怒りを表出する人は、当然ながら、そもそもとして何か理想的ではない環境に放り込まれている場合が多い。そもそも現状に不満があるから怒っているのに、怒ったらさらに周りからそれを責められる、という二重苦がある。

・・・ということに特に私が個人的な課題意識を感じ始めたのは、社会に向けて「社会的な怒り」を表現する人にまで、怒りを悪とする言説が向けられ、それを根拠として発言力を削ごうとすることをよく目にするようになったからだ。攻撃的な相手の話の話は聞く気にならない、という素朴な感情は当然認められるべきだし、そこには善も悪もないが、「あの人は怒りを表出する人だから、まじめに話を聞かなくても良い」という言説になると話は別だ。社会的な不正義に怒っているにもかかわらず、「怒っている」というだけで、社会的にその人の発言を無視することが肯定され、その人の課題意識が透明化される。

社会的な不正義に怒っているのに、「怒りの管理不届き」を問われて意見を言う機会を奪われ、自分が置かれている社会的に不遇な状況を公に改善を求める機会すら奪われる、という構造がここにはある。怒りの感情の管理にまでに自己責任論を導入することで、社会的に不遇な状況に置かれている人を、「怒りの感情を自己管理できない人」として、言葉を交わす前から社会的な議論の場から排除できるというロジックで、そもそも自己責任論は社会的に恵まれている方の人にとって有利な言説ではあるが、中でもこれはかなりタチの悪い自己責任論の使われ方のカタチではないだろうか、と個人的には感じるのだ。

繰り返すが、今までその社会問題から無関係だった人からすれば、突然、社会的な怒りに巻き込まれれば、いい気分はしないだろう。だが、社会的な不正義に怒っている人からすれば、それはその人が「その社会的な問題から無関係でいられる特権的な立場にいる」ことの証拠であり、まさにその特権性を問わんとして怒っている。この両者のどちらが正しいのか、ということは一概にはいえないわけだが、普段からご機嫌でいられる人が、社会的に不遇な立場に追い込まれているためにご機嫌ではいられない人に対して、その怒りの背景にある社会的な境遇の差を無視して「怒りの管理不届き」だけを取り出して、相手が悪いと断じることができてしまうのは、やはり、なんというか、あまり善い言説とは言えないように私には思えるのである。

怒りの裏の社会的背景にまで目を向けて

大事なことは、「その人がなぜ怒っているのか?」という社会的な背景にまで想像力を向けるということなのだろう。もちろん、SNSなどの世界には謎の怒りの言葉がたくさんあふれているので、それら一つ一つをまともに受け止めていたら、生きるのがつらくなってしまうし、自分の身を守るための防衛線は必要である。とはいえ、「怒っているから」というだけで、その怒りの理由を想像せずに、その人が公に向けて課題感を表明する機会を奪えてしまうのでは、健全な議論の場とは言えない。
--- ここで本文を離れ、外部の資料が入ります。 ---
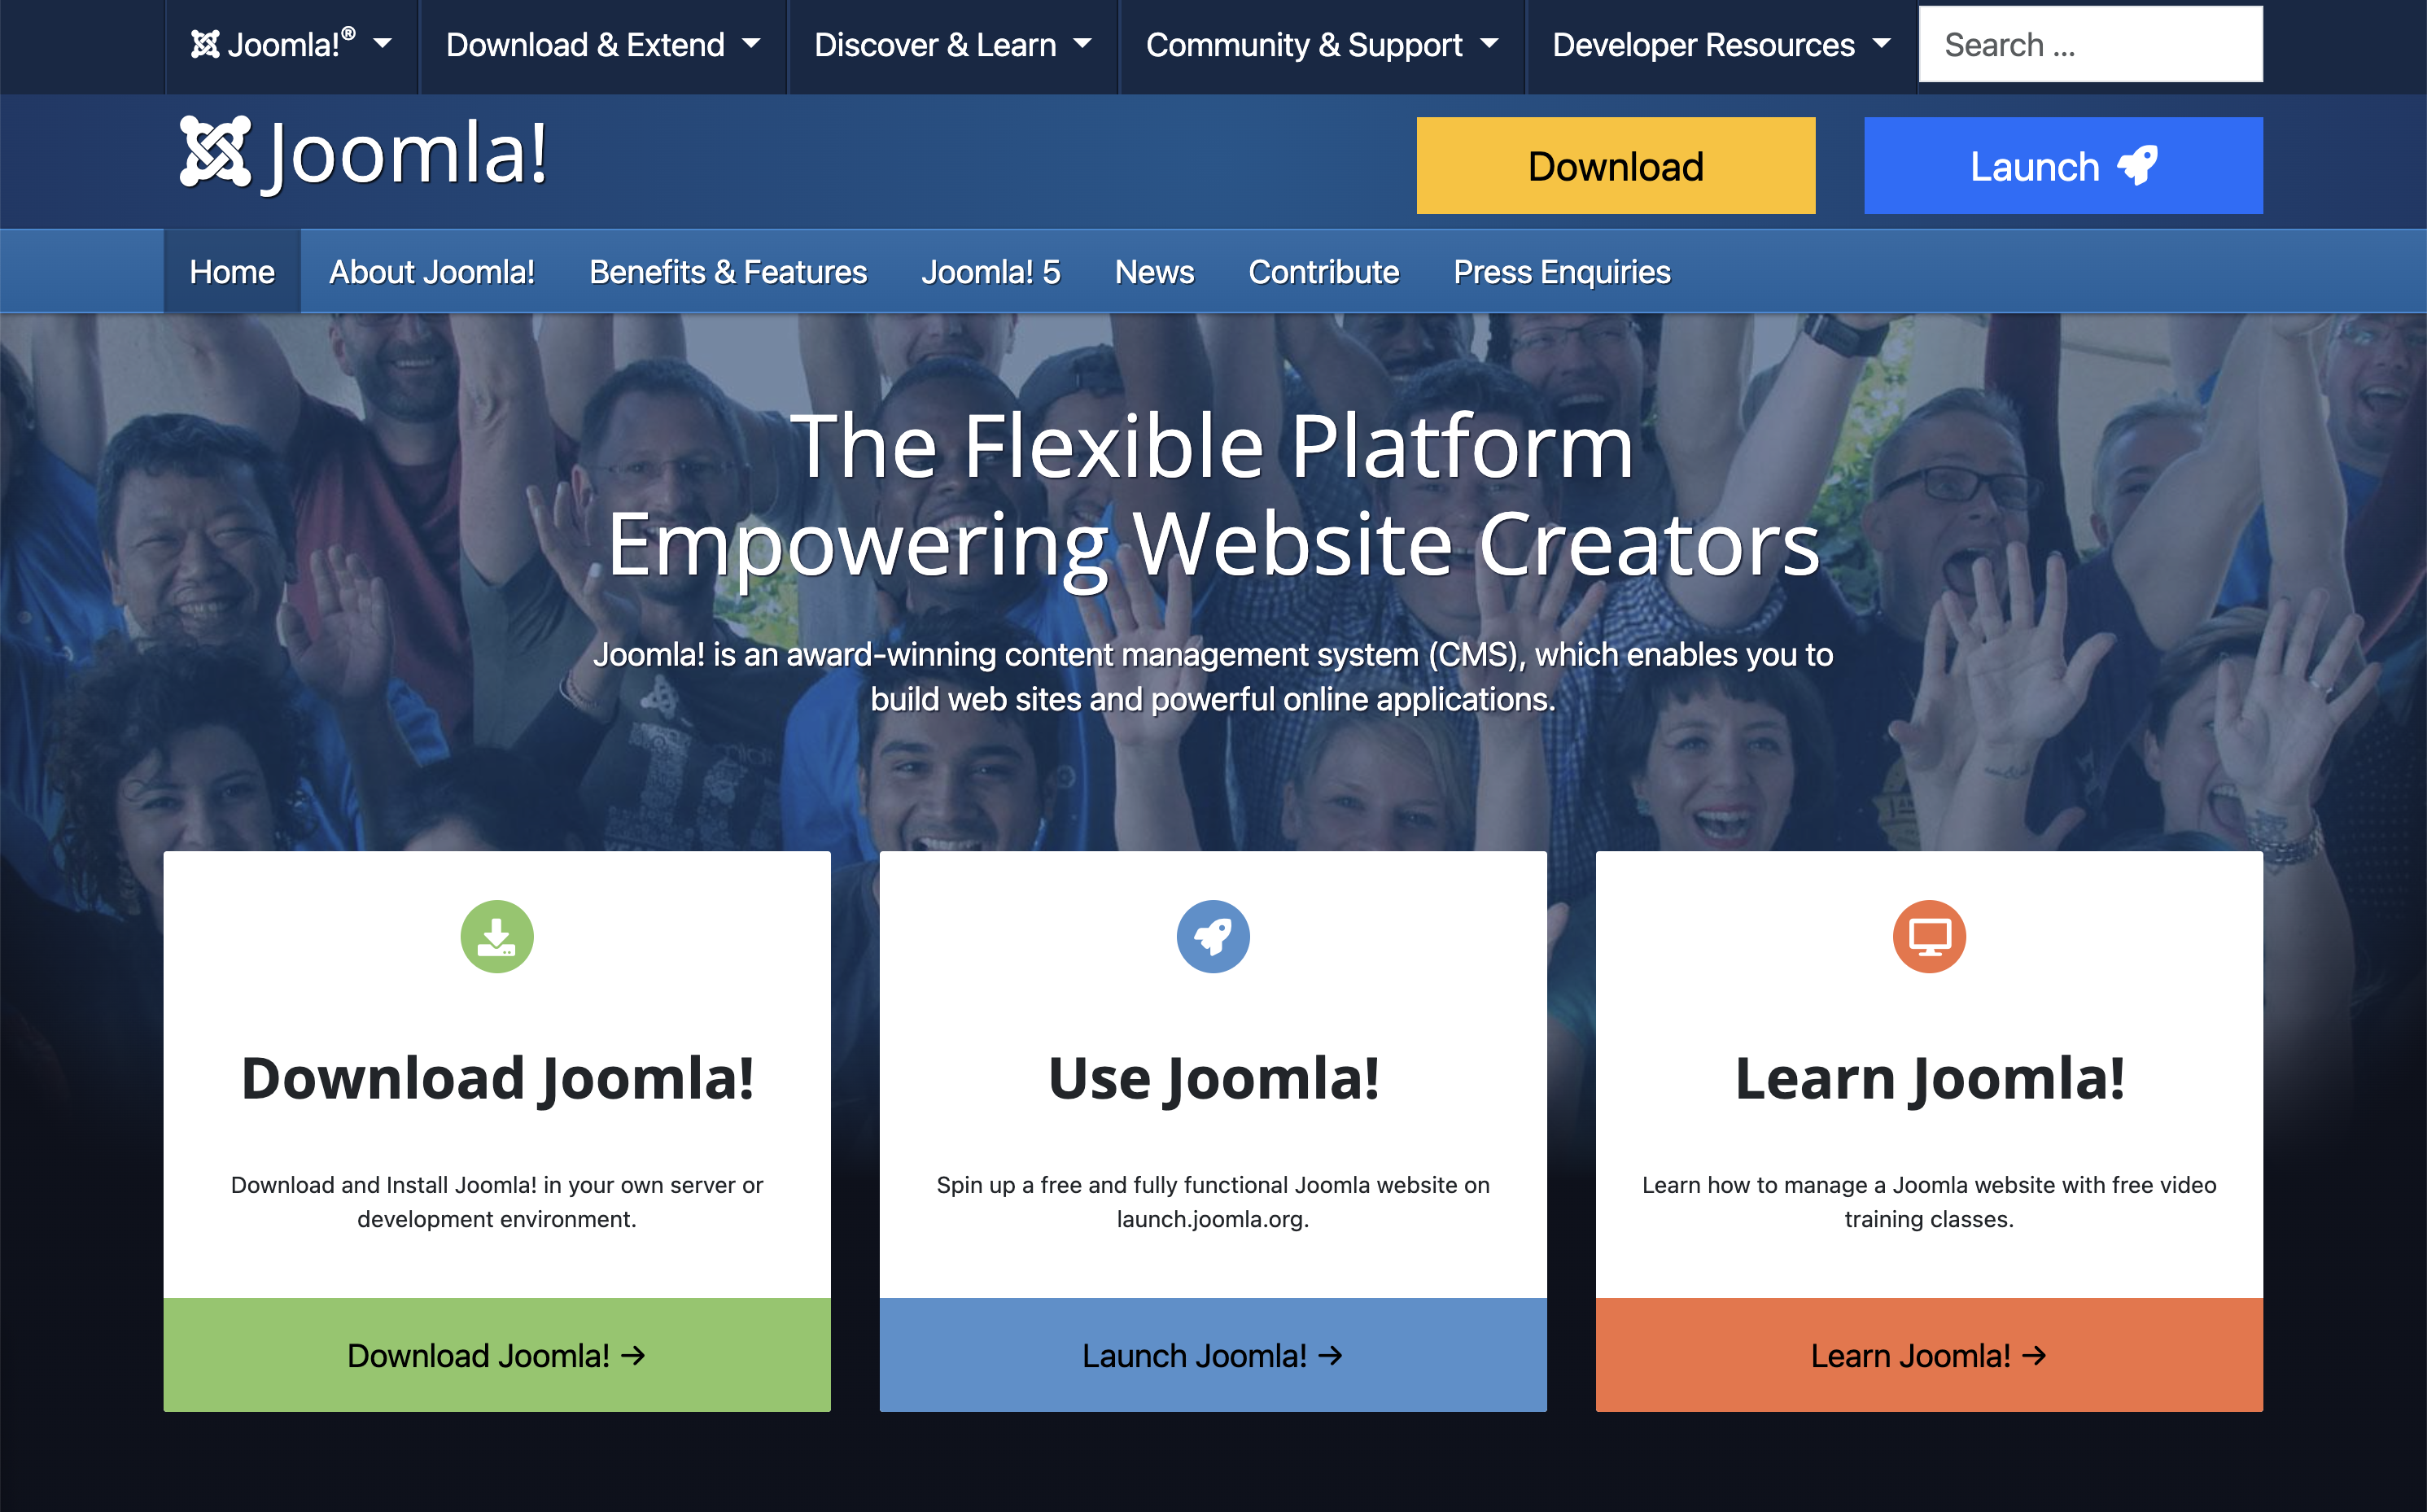 joomla homepage 657 - 25 WordPress Alternatives Best For SEO

一方で、「社会的に怒る」人には、他者の境遇に巻き込まれつつ、他者との適切な距離をとる、両方の感覚が求められるだろうと思う。別に自分が実際にその社会課題の被害者ではないにもかかわらず、半ばエンタメ的に「怒り」の感情を消費するような人も、世の中には存在する。社会的な不正義に対して憤りを覚える感情は美徳であろうが、できることなら、「自分が傷ついて怒っている」ケースと「他の誰かのために怒っている」ケースを自分の中でちゃんと区別できる方が、本人的にはハッピーであろう。

書籍「フェミニズムの政治学」の中で、著者が「荒野に声を聞く」という言葉を残している。社会的不正義に傷つき、抑圧され、声を上げることもできず、散って行った人たちの声を、「荒野」の中に聞くこと。「社会的な怒り」を受け止めることとは、単に怒りの感情が自分にも伝わってきてしまうということではなく、その怒りの中にある「声」をちゃんと聞くことなのだろうなと思った。